篇名 | Research on Unequal Time Series Clustering for Hot Topics |
---|---|
卷期 | 29:4 |
作者 | Fu-Lian Yin 、 Bei-Bei Zhang 、 Jing-Chun Liao 、 Jian-Bo Liu |
頁次 | 122-134 |
關鍵字 | data acquisition 、 DTW distance 、 hierarchical clustering 、 time series clustering 、 EI 、 MEDLINE 、 Scopus |
出刊日期 | 201808 |
DOI | 10.3966/199115992018082904010 |
In the traditional research on time series clustering for hot topics, the granularity of time series with day as the unit is coarse, which causing the bad timeliness. In this paper, a fine - grained hot topic time series acquisition scheme is proposed, which can make the time series of topics accurate to T0 hour. The distance calculation of time series lost part of information to fit the unequal time series clustering in the traditional clustering algorithm.
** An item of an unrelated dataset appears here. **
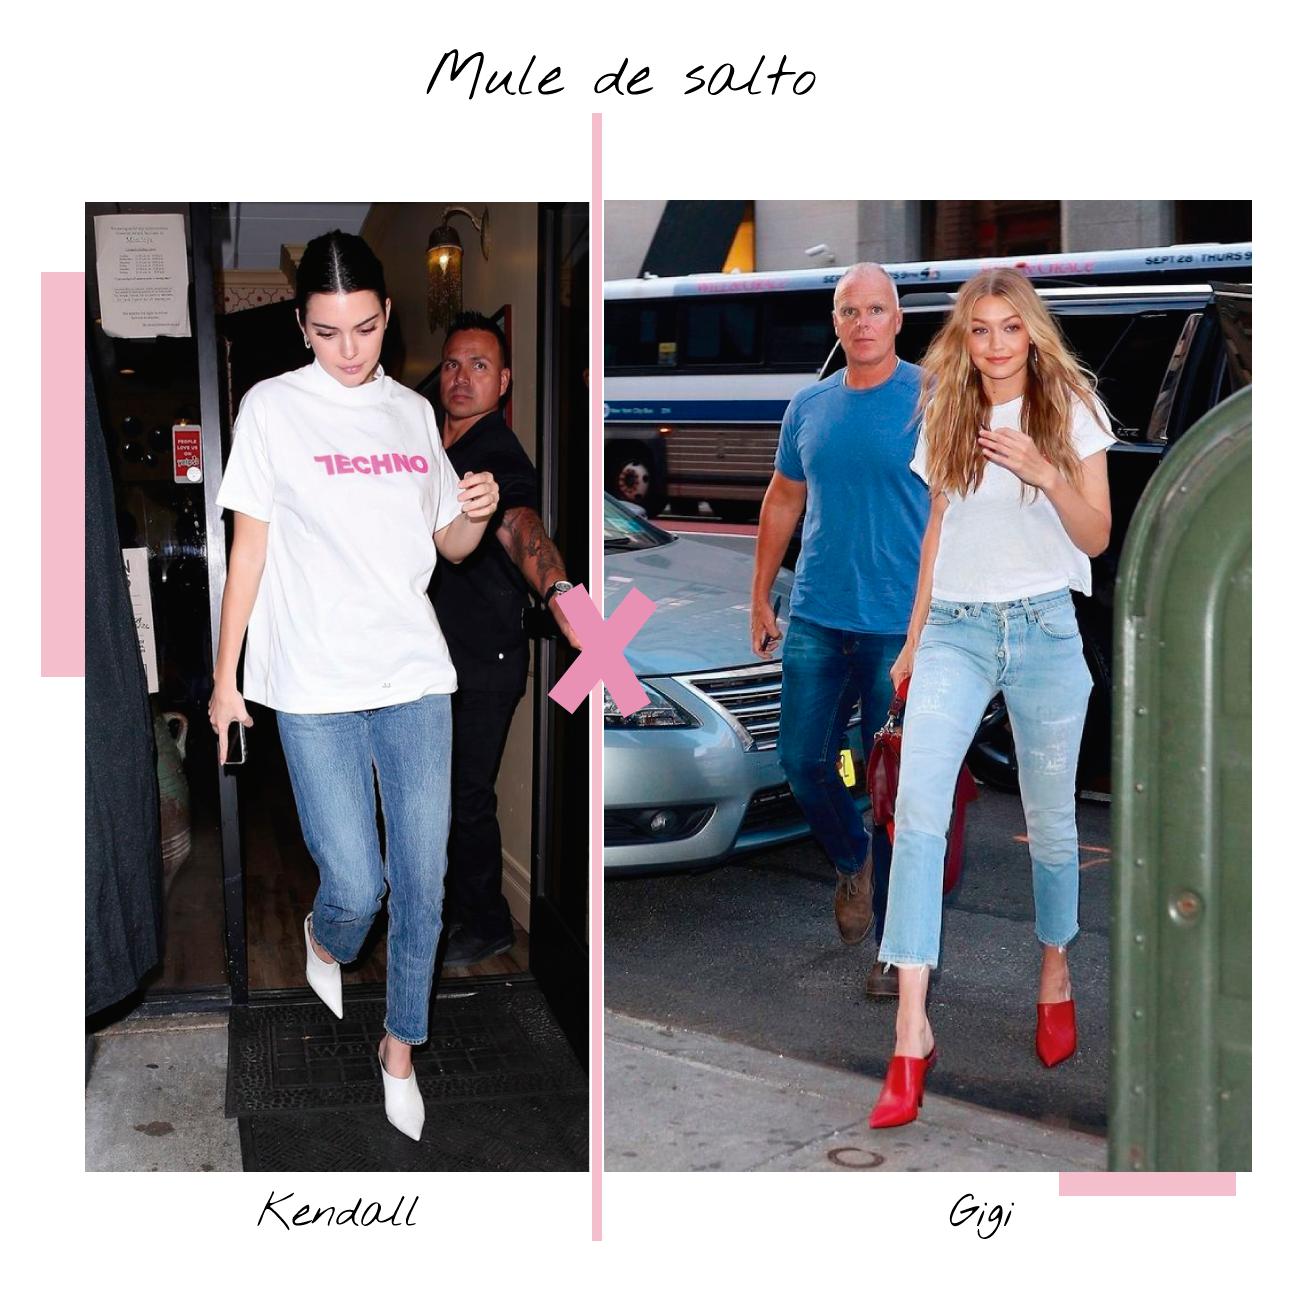 Mule Kendall E gigi

In this paper, the S-Euc distance (Segmented Euclidean distance) and S-DTW distance (Segmented Dynamic Time Warping distance) are introduced to segment the time series and calculate the total distance. The two method significantly raise in computational speed, silhouette coefficient and cluster compactness, compared with the traditional DTW distance and Euclidean. When the cluster number is bigger, the clustering silhouette coefficient of S-Euc based algorithm is about 8% higher than the S-DTW based algorithm. In the case of small number of clusters, the silhouette coefficient of S-DTW is about 65% higher than the S-Euc, but the computational complexity is higher.